Task goal ▸
Take the lines in the listing below from the line with "Dr. Jill Biden" up to and including the line with "Female model in" and set them down exactly, skipping pictures and adding nothing.
[Data supplied]
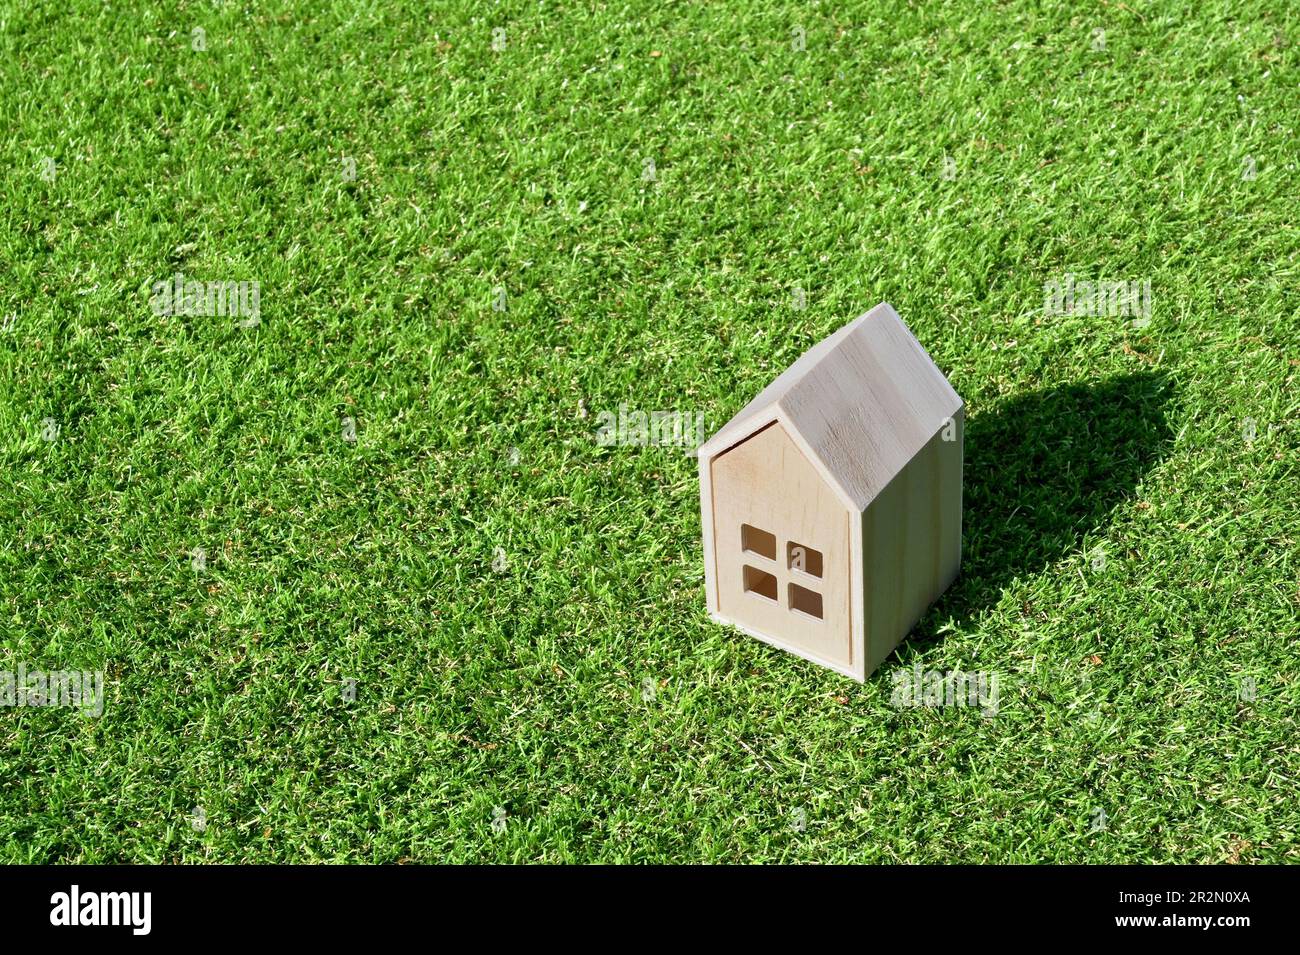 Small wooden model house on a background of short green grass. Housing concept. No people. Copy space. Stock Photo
[/Data supplied]
[Data supplied]
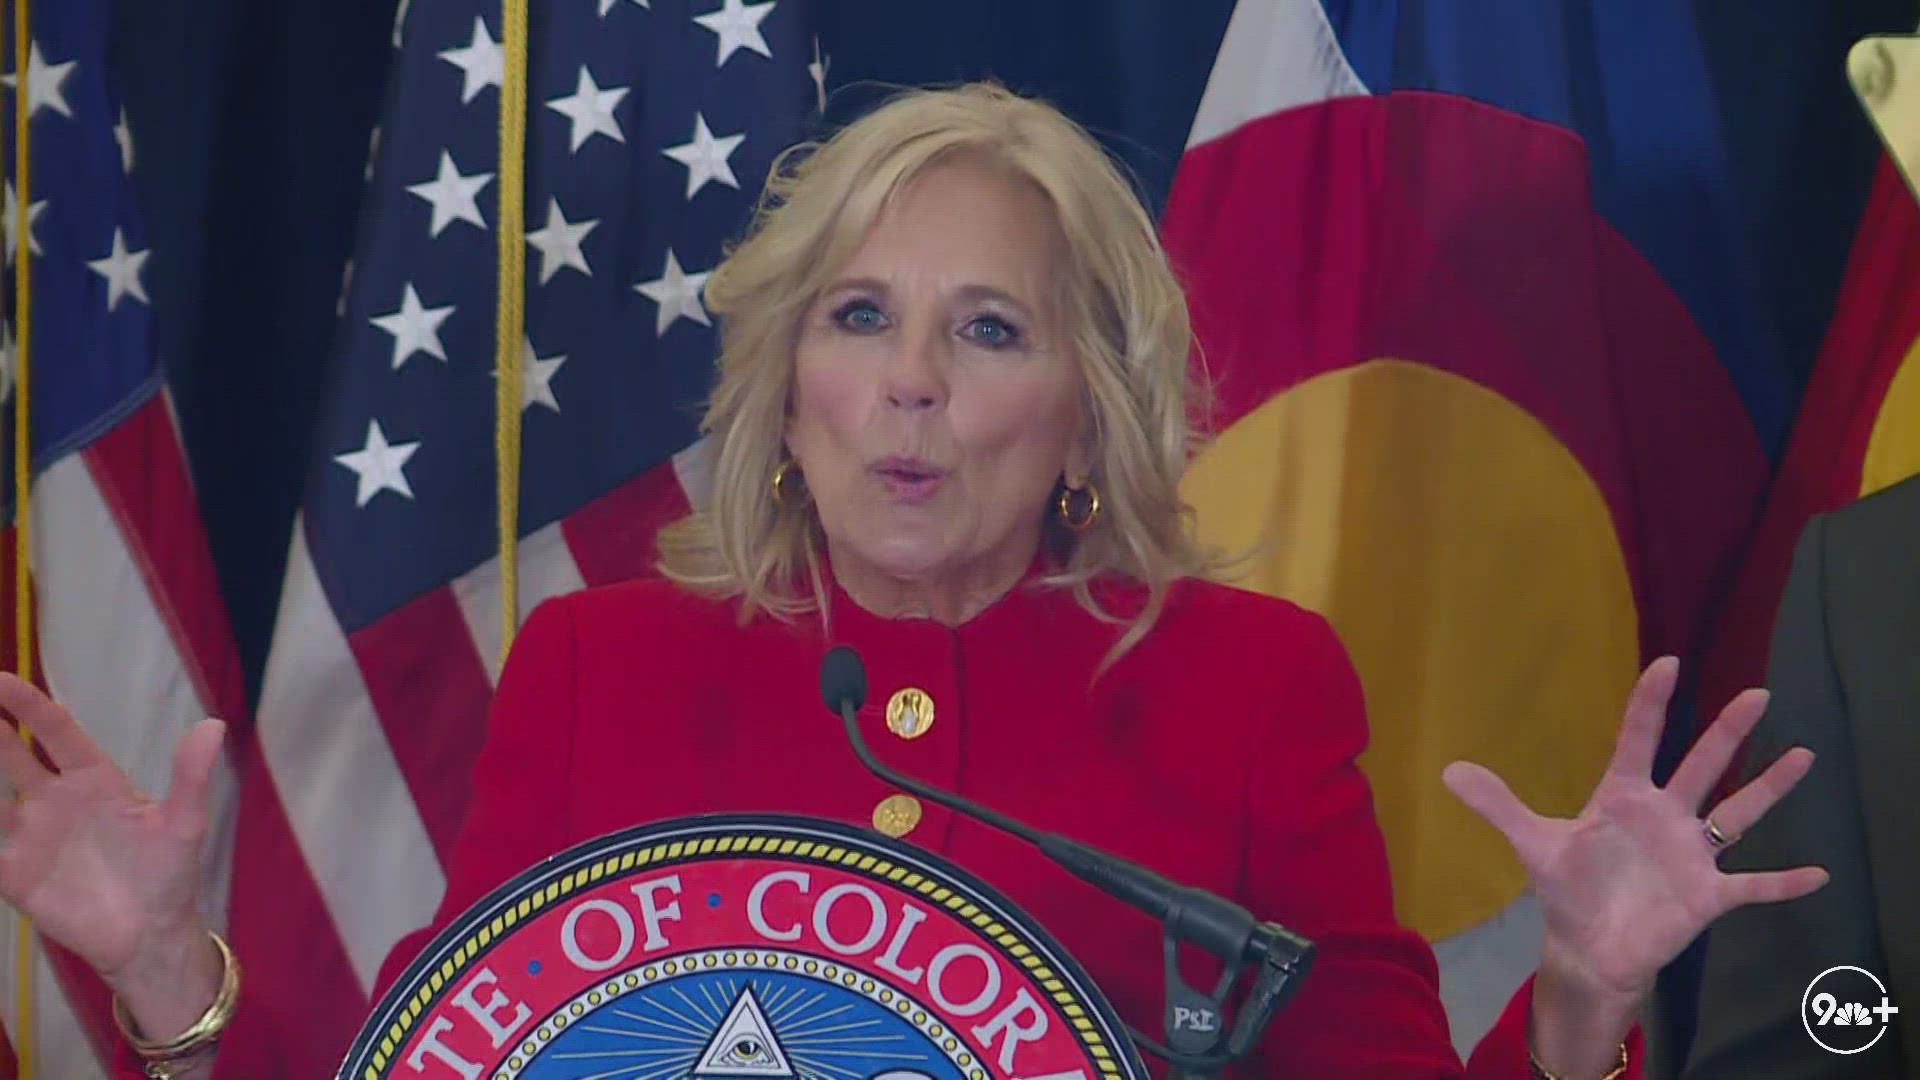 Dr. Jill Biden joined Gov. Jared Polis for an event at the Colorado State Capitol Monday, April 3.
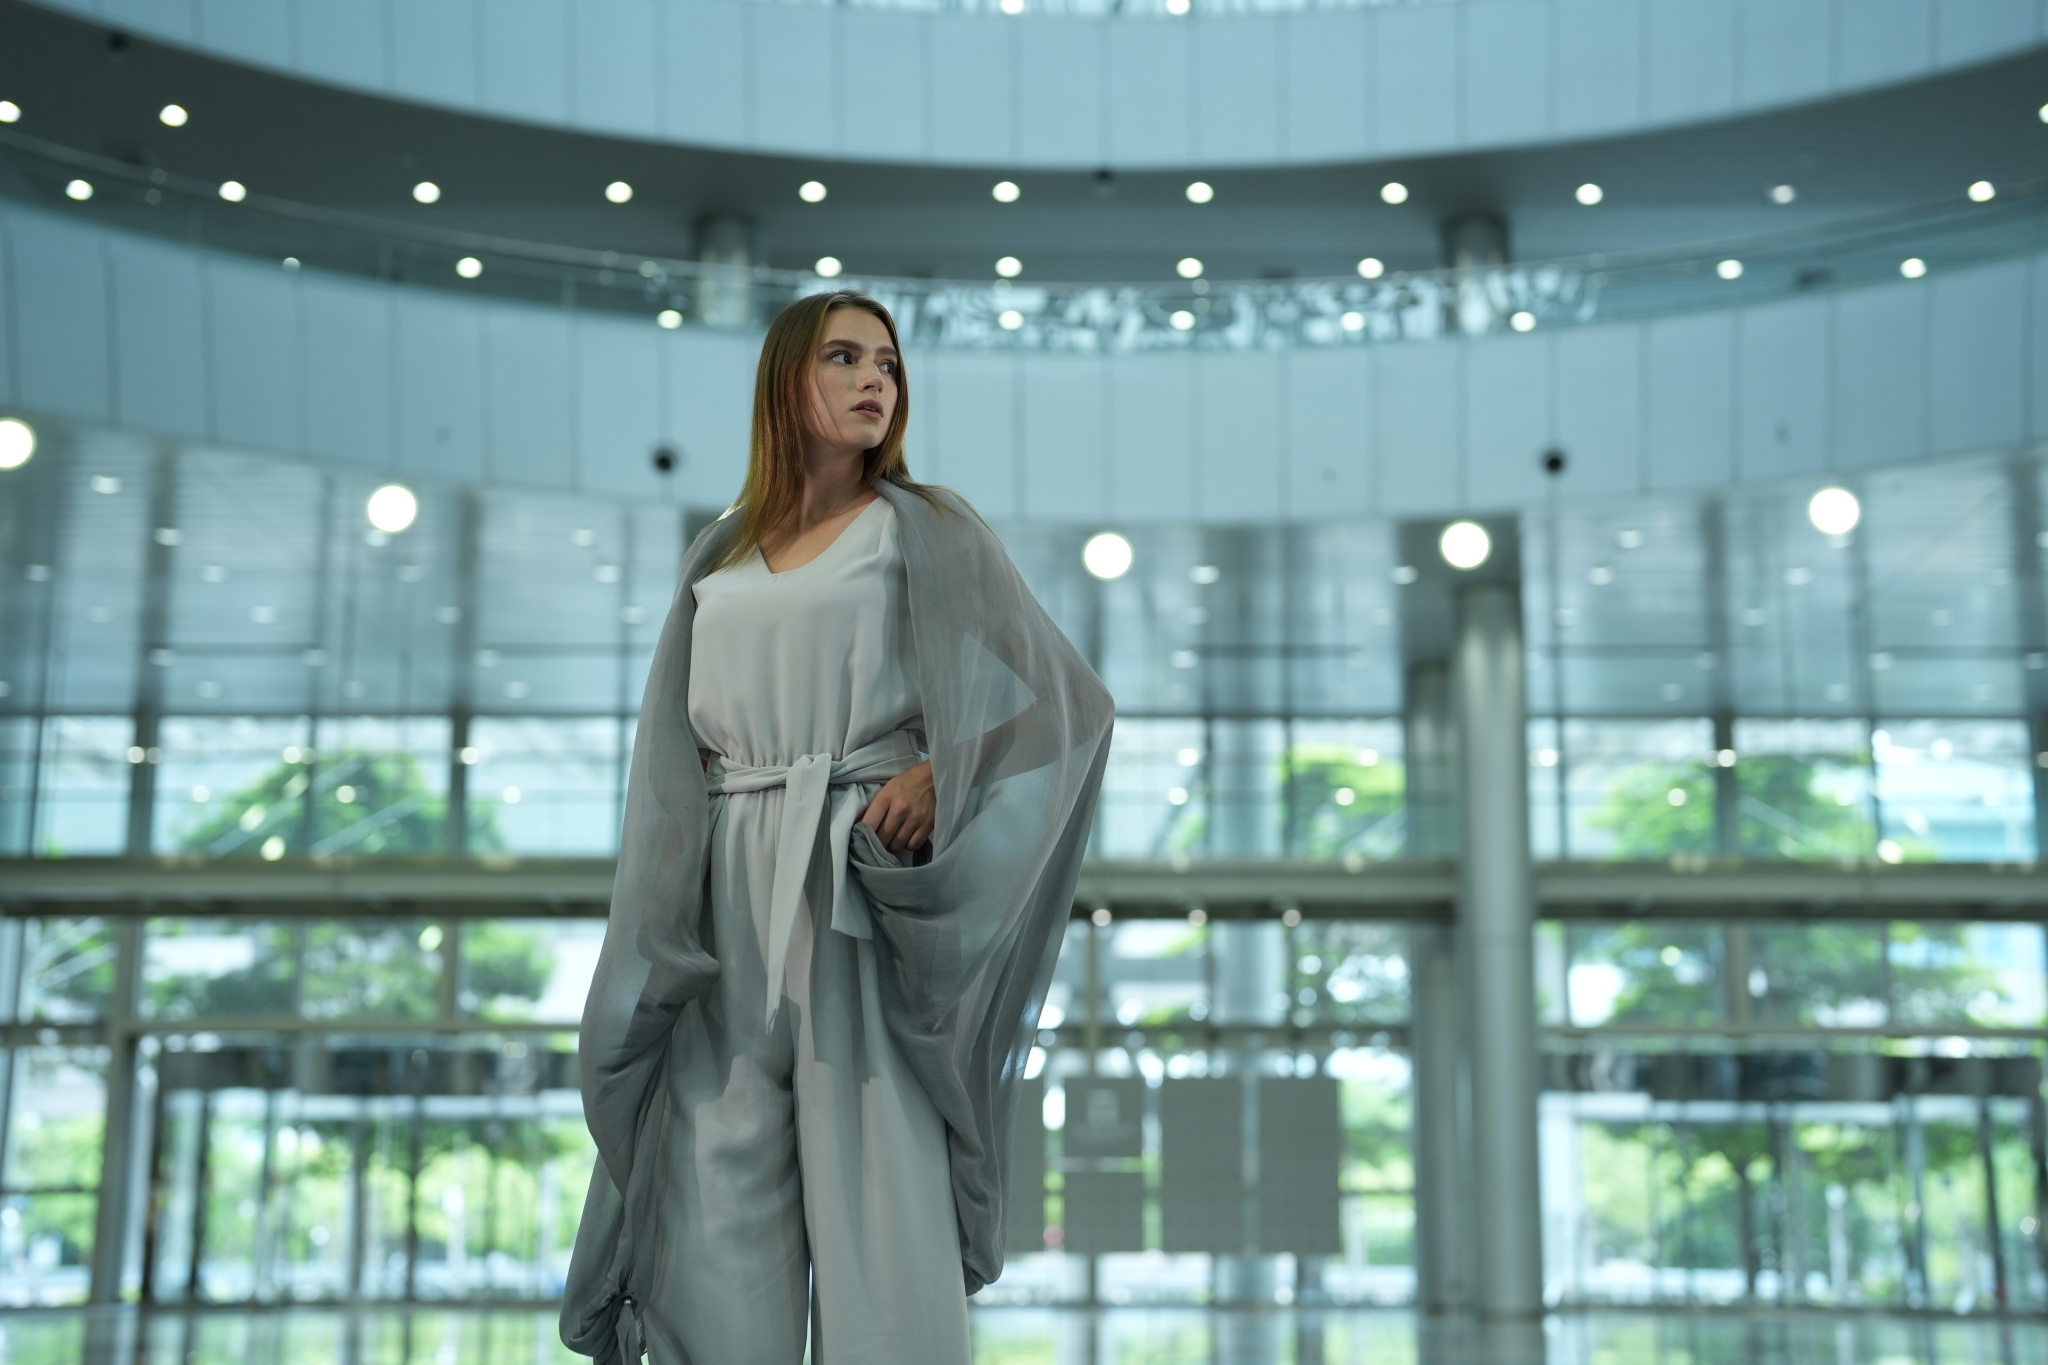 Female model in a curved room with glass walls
[/Data supplied]
Problem solution ▸
 Dr. Jill Biden joined Gov. Jared Polis for an event at the Colorado State Capitol Monday, April 3.
 Female model in a curved room with glass walls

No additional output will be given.